Fri, July 3, 2026 – Time: 09:10 – 10:00 – Room: Regatta
Title: Discourse Structure Guided NLP Models for Fine-grained Media Bias Analysis
Abstract: Thinking about more and more powerful pretrained models and an increasing context window size supported by recent LLMs, do we still need explicit discourse structures to guide semantic reasoning? In this talk, I will present our research on fine-grained sentence-level media bias analysis that shows that incorporating shallow discourse structures or event relation graphs enables NLP models to better understand broader context and recognize subtle sentence-level ideological bias. News media play a vast role in shaping public opinion not just by supplying information, but by selecting, packaging, and shaping that information to persuade as well. Sentence-level media bias analysis is challenging and aims to identify sentences within an article that can illuminate and explain the overall bias of the entire article. This talk will first show that understanding the discourse role of a sentence in telling a news story, as well as its discourse relation with nearby sentences, can help reveal the ideological leanings of the author even when the sentence itself appears merely neutral or factual. This talk will further show that analyzing events with respect to other events in the same document or across documents is critical for identifying bias sentences.

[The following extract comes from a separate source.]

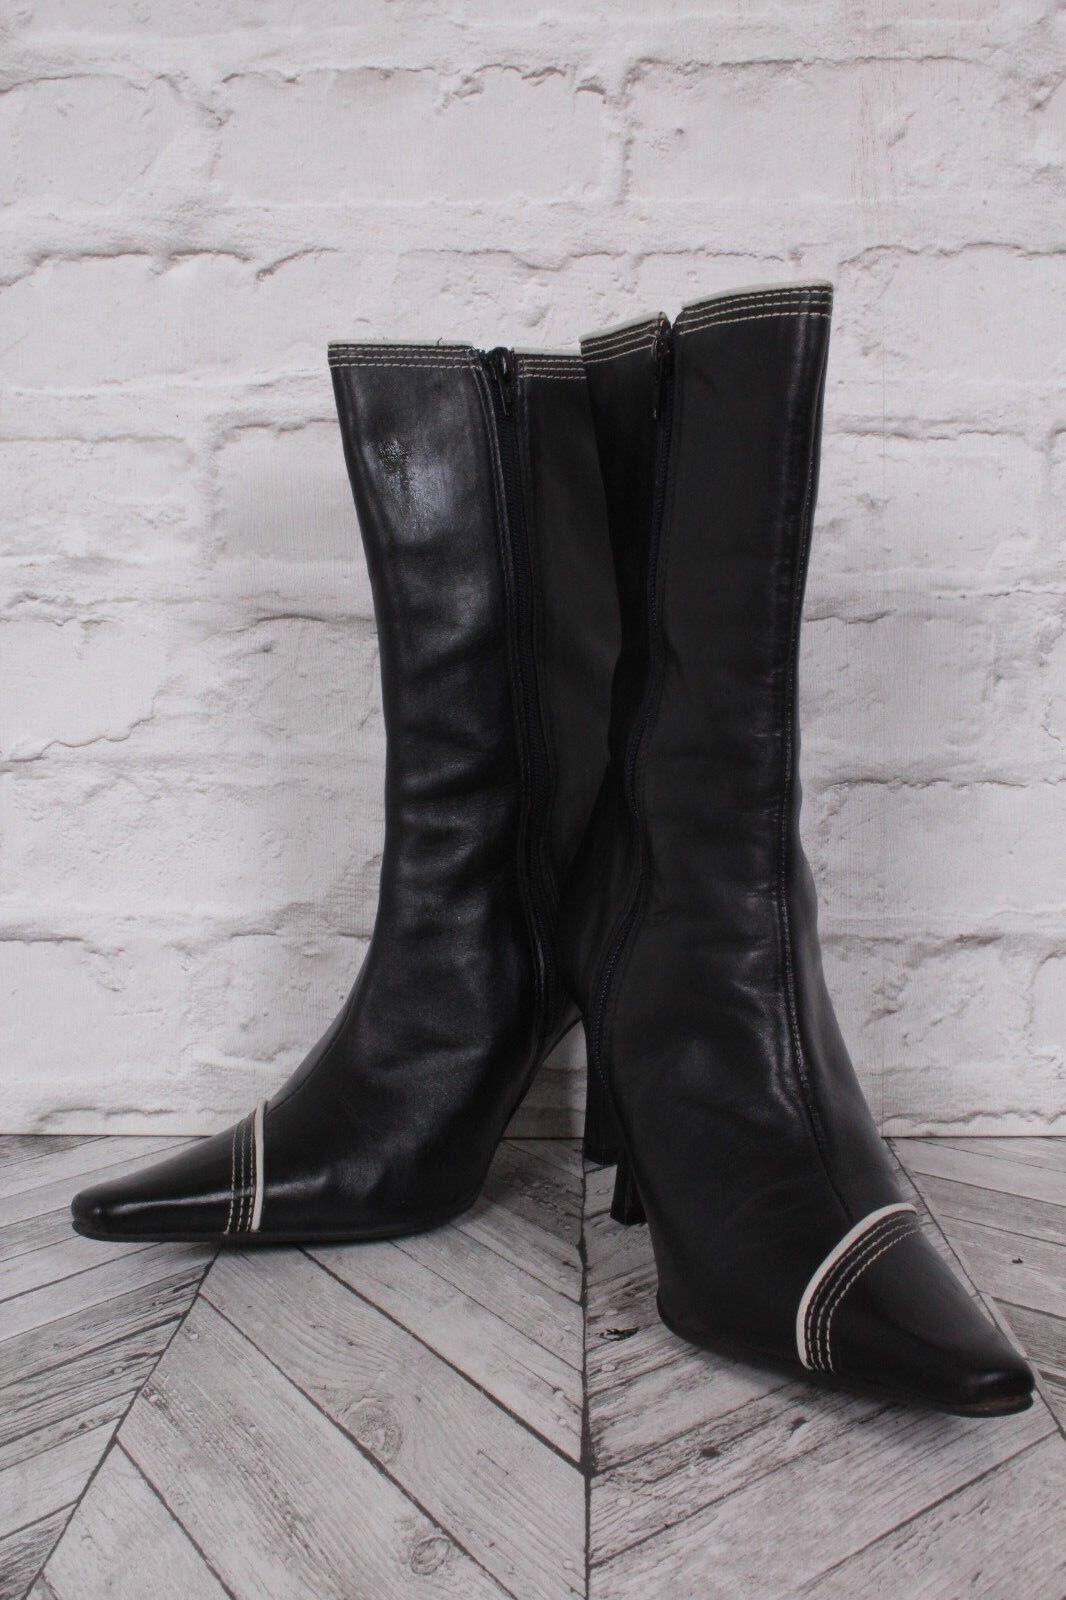 KALIKO   Black & Cream Leather Stiletto High Heel Mid Calf Boots  UK 7 41

Bio: Dr. Ruihong Huang is an associate professor in the Department of Computer Science & Engineering at Texas A&M University (TAMU), College Station. She is also an adjunct associate professor in McWilliams School of Biomedical Informatics at UTHealth Houston. Huang received her PhD in computer science at the University of Utah and completed a postdoc at Stanford University. Her research is focused on event-centric NLP, discourse analysis, dialogue and pragmatics, LLM evaluation, LLM safety and moral reasoning. She is a recipient of the US National Science Foundation CAREER award (2020).
Fri, July 3, 2026 – Time: 13:30 – 14:20 – Room: Regatta
Title: Studying and Simulating Discourse Failures in Interactive AI Systems
Abstract: In this talk, we will go over two projects that study human-AI communication in conversational interfaces (e.g., ChatGPT). With Lost in Conversation, we simulate multi-turn underspecified conversations that involve a user gradually revealing their full intent over time to the AI system, finding that though this is common in real-world interactions, this leads to large degradation in model performance. We then discuss the need for more realistic user simulation that can model user behaviors specifically in the case of User-AI conversational exchange, and discuss its role in evaluating AI systems.
Bio: Philippe is a Research Scientist at Microsoft Research, based in New York and a member of the AI Interaction and Learning (MSR AIIL) group. His research lies at the intersection of two fields: NLP and HCI, with a general interest in understanding how NLP/AI technology can enable effective consumption and production of information for users (which has involved working on topics such as summarization, simplification, question generation, etc.). Recently, he has taken an interest in studying human-AI interaction in conversational settings.